In your copy, each line below is repeated exactly and no image appears.

Input material »

# # # # # # #

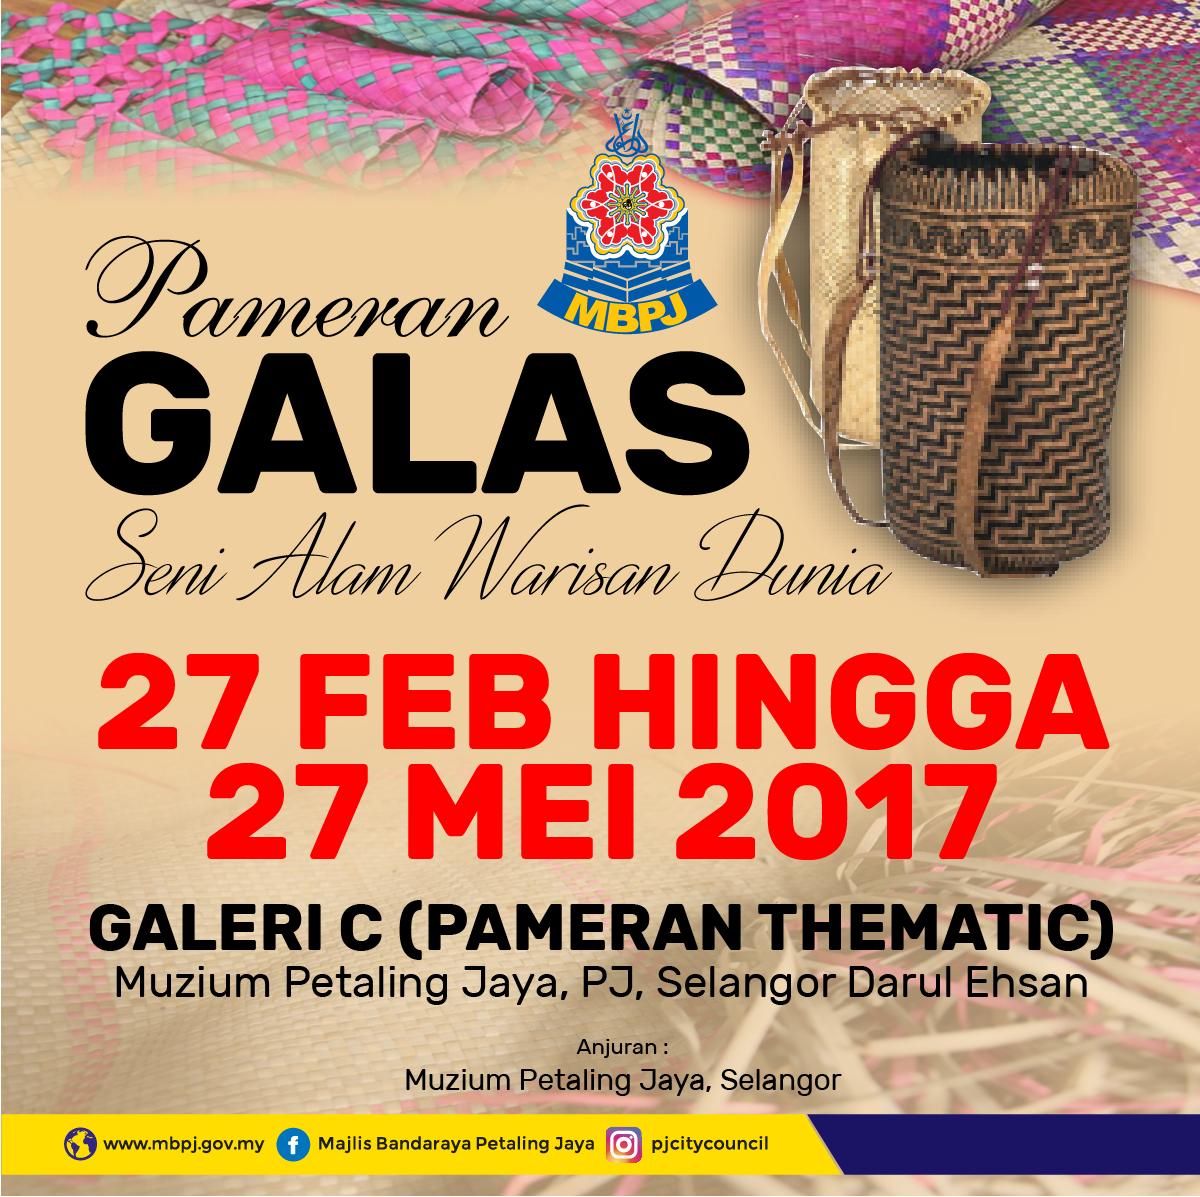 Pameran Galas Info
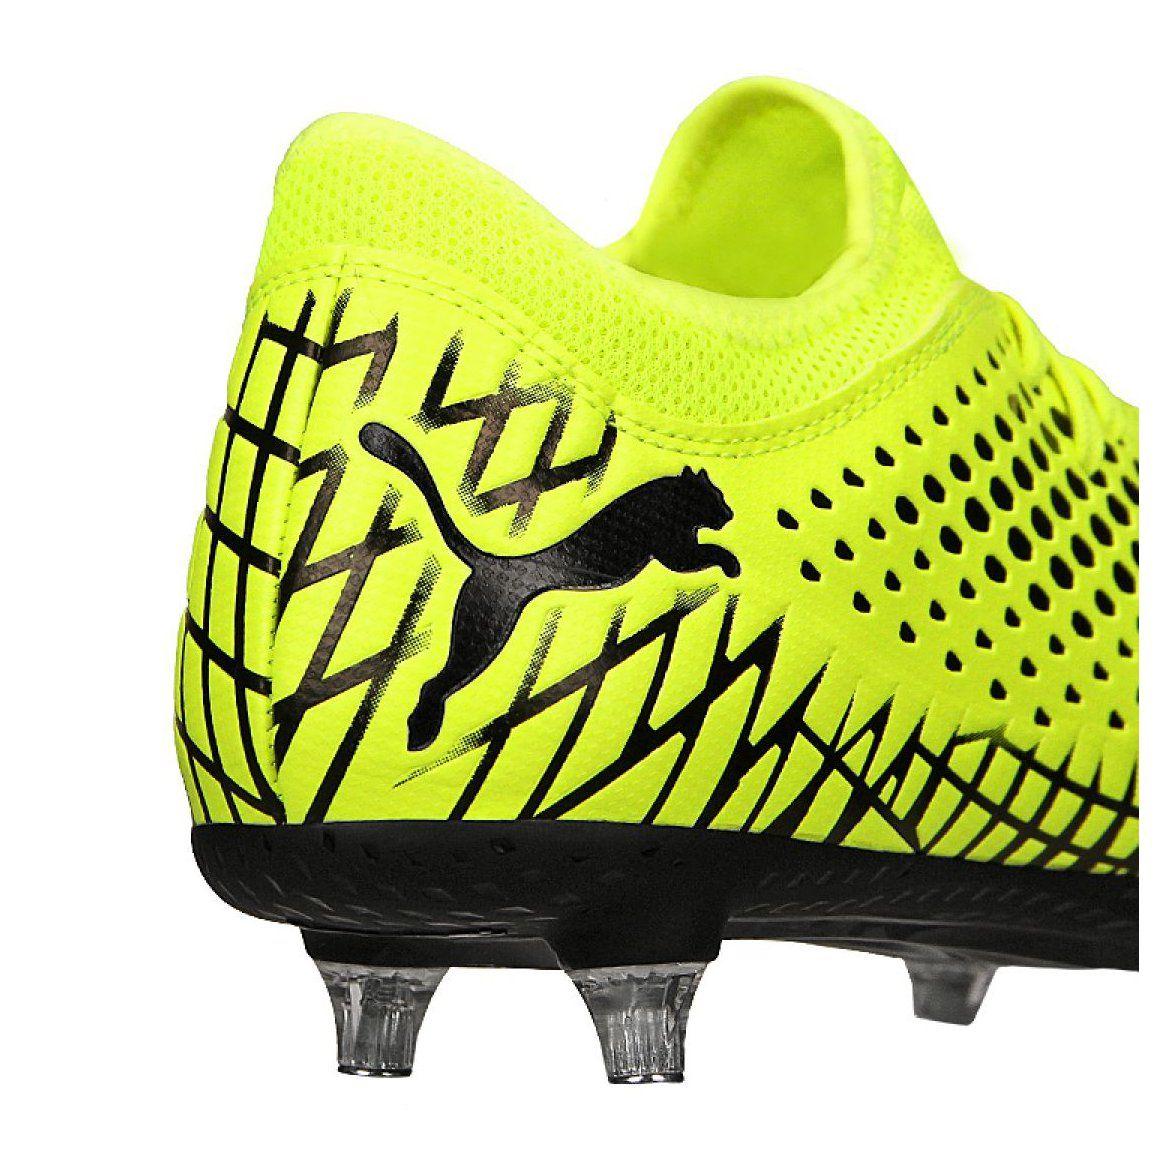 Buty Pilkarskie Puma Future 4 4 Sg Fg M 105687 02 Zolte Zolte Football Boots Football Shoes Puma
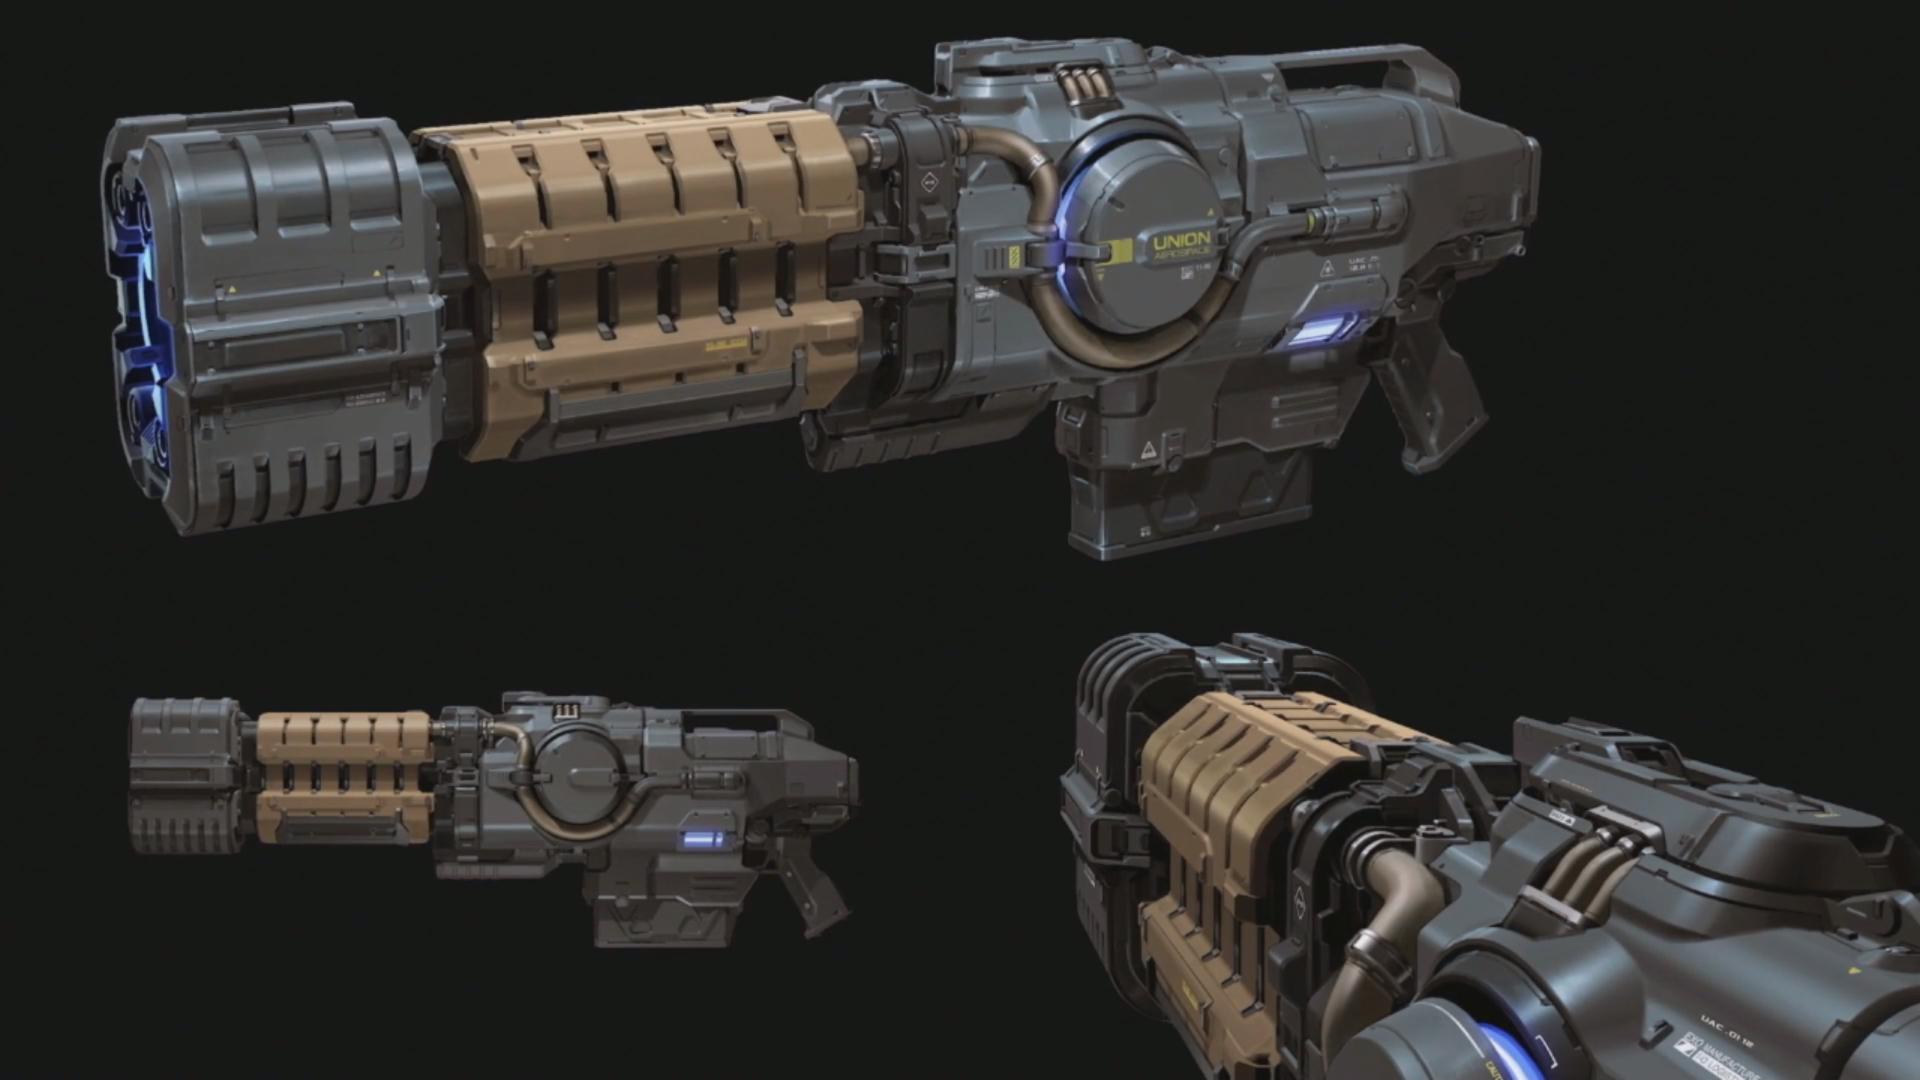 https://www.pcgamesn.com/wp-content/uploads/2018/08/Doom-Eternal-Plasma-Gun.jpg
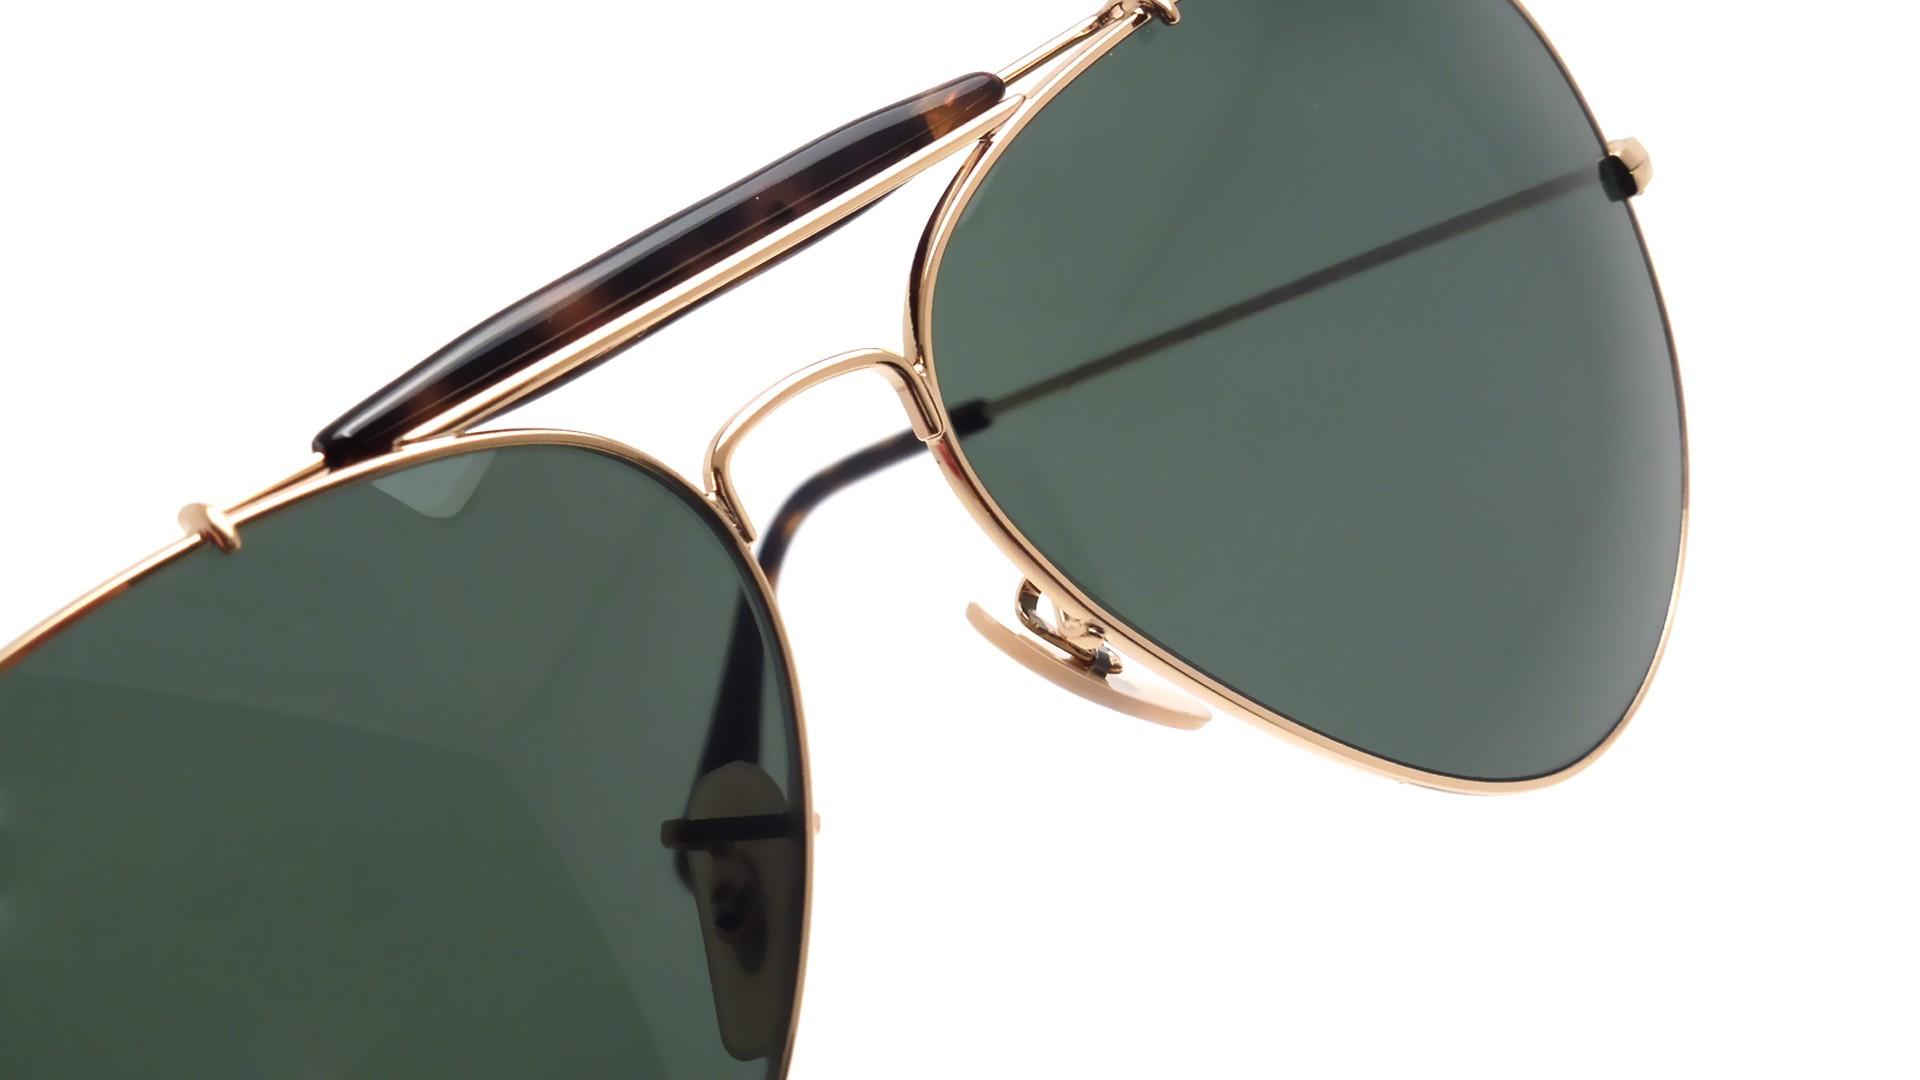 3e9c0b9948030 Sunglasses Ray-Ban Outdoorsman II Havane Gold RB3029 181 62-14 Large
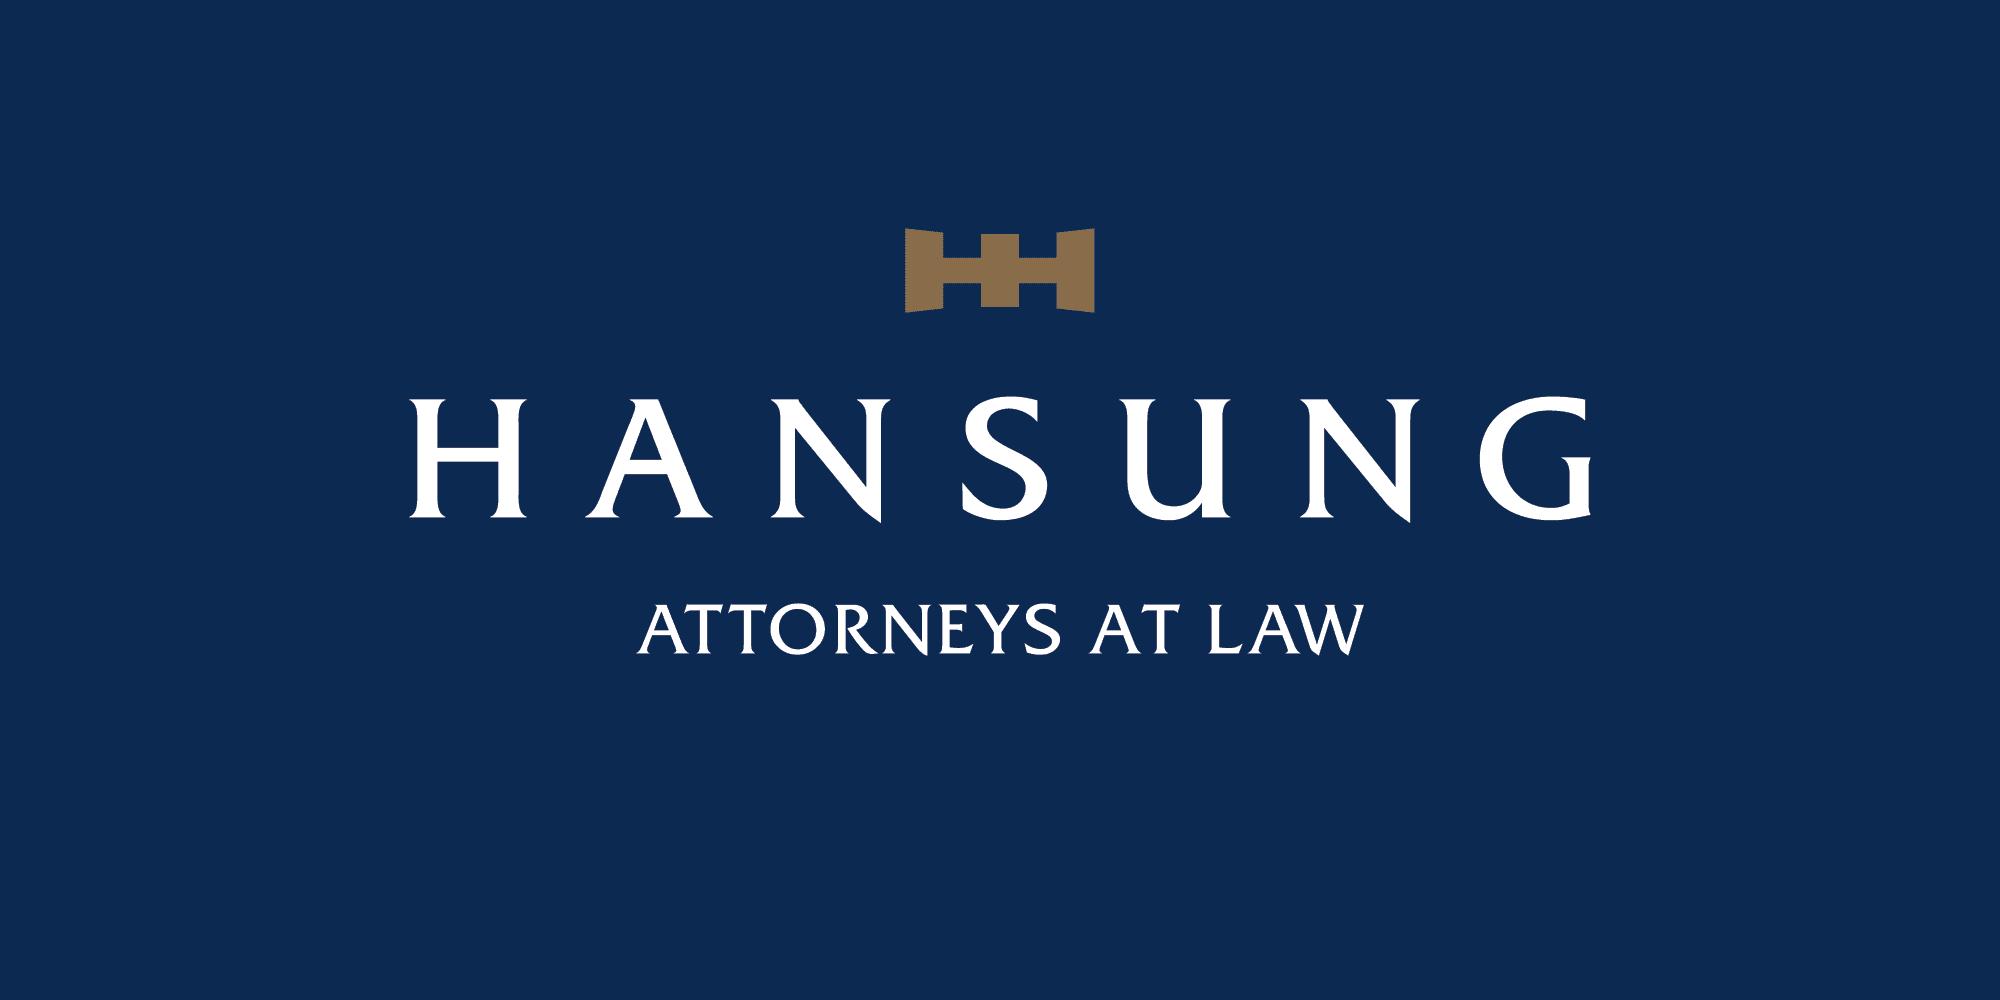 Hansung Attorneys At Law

# # # # # # #

Written solution »
 Pameran Galas Info
 Buty Pilkarskie Puma Future 4 4 Sg Fg M 105687 02 Zolte Zolte Football Boots Football Shoes Puma
 https://www.pcgamesn.com/wp-content/uploads/2018/08/Doom-Eternal-Plasma-Gun.jpg
 3e9c0b9948030 Sunglasses Ray-Ban Outdoorsman II Havane Gold RB3029 181 62-14 Large
 Hansung Attorneys At Law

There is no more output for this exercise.